I do not feel attached to it too. But I do prefer assembling kits than buying stuff preassembled. Instead of paying someone to do that, if I have time, I prefer the pleasure of doing it, at least a few times, and paying less (and probably costing less in shelf space and global economics).

I often wonder if electronics and mechanics shouldn't be done the same. So much is wasted from misuse and repairshop abuse from ignorance.


Hmmm, after reading this I thought maybe I should just buy a new macbook charger instead of creating a hand-cranked braiding machine from 3d-printed parts to replace the worn-down cable insulation on the current one.


Almost all of our furniture is from IKEA and I built all myself. I enjoyed the "building" part very much. I hate the furniture though. Generic shitty stuff.


What is your favorite IKEA product? I love BILLY bookshelves. I've bought and disposed at least a dozen over two decades.


Hmm. I usually consider my IKEA furniture even more disposable because I know for a fact it was assembled by a clumsy oaf :)


The effect also explains why paying users are more loyal and tolerant to bugs than non-paying.


I was surprised the article doesn’t mention “sweat equity” or “sunk cost.” Labor has value, even when you’re just building IKEA furniture or hunting for antiques. It makes sense that people place a higher value on their own labor than that of others, because the cost is intuitive.


really? fall in love with our ikea creations?

More like procrastinating with the pieces sitting inside the ikea box until I really need to put the thing together.

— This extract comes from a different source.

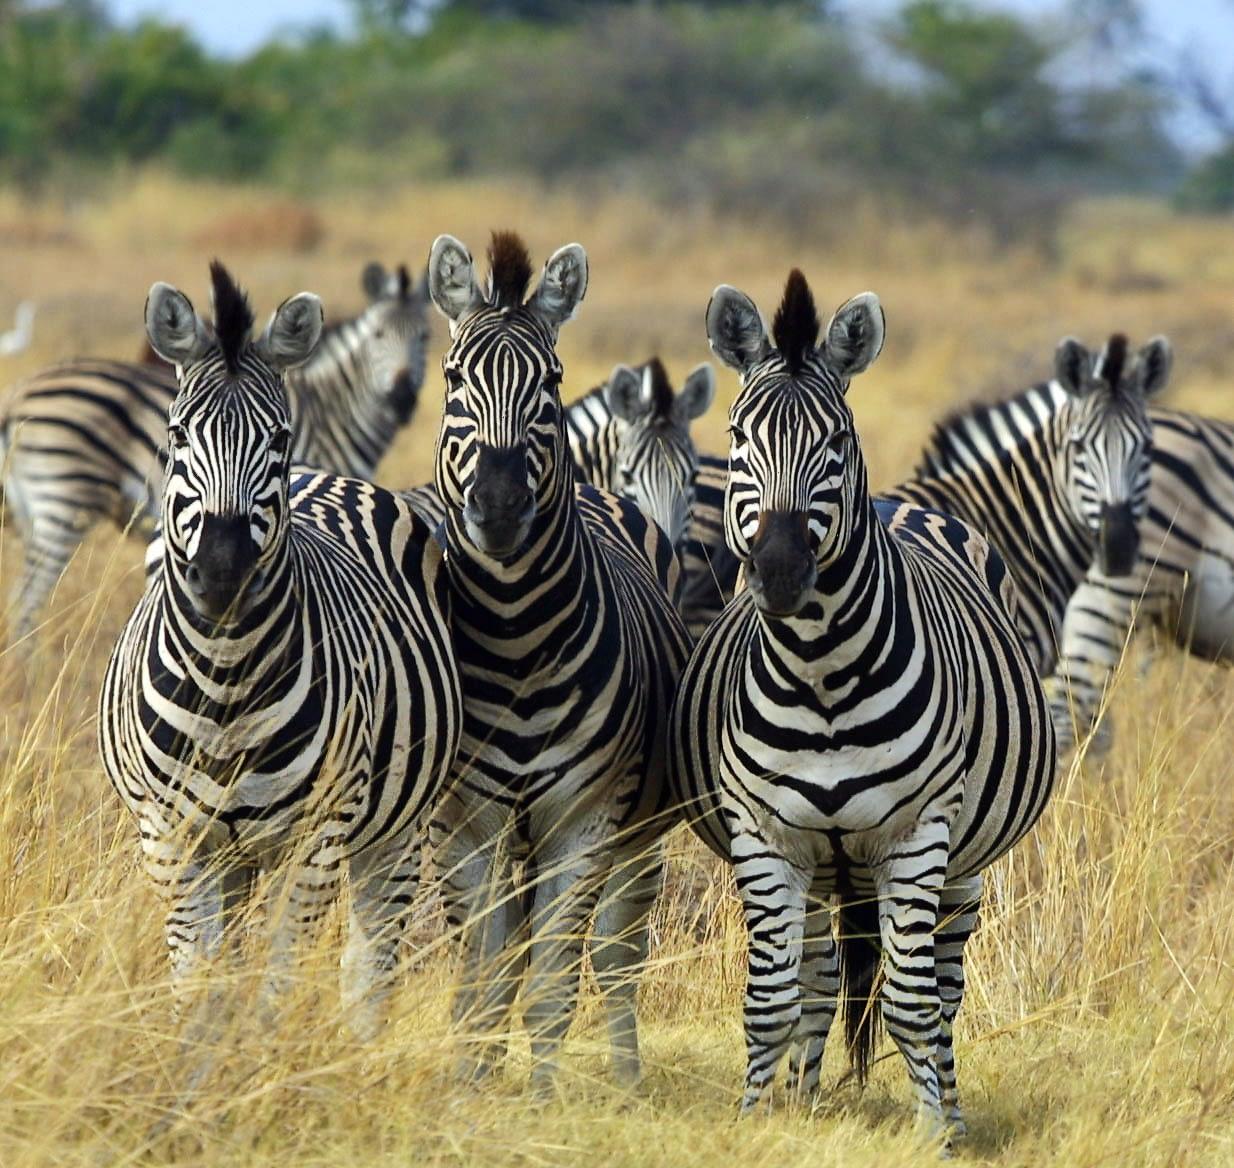 Black and White Zebras

Same goes for home cooked meals


I am reading this from an Ikea cafeteria.


Enjoy your pickled herring.


I do enjoy picked herring, but only with plain pickling. None of those sweet or creamy preperations


If it can be built by someone with no experience in less then an hour, then is it really building in any true sense.

Or to put it differently is there a real difference between building something and assembling something out of a kit-set?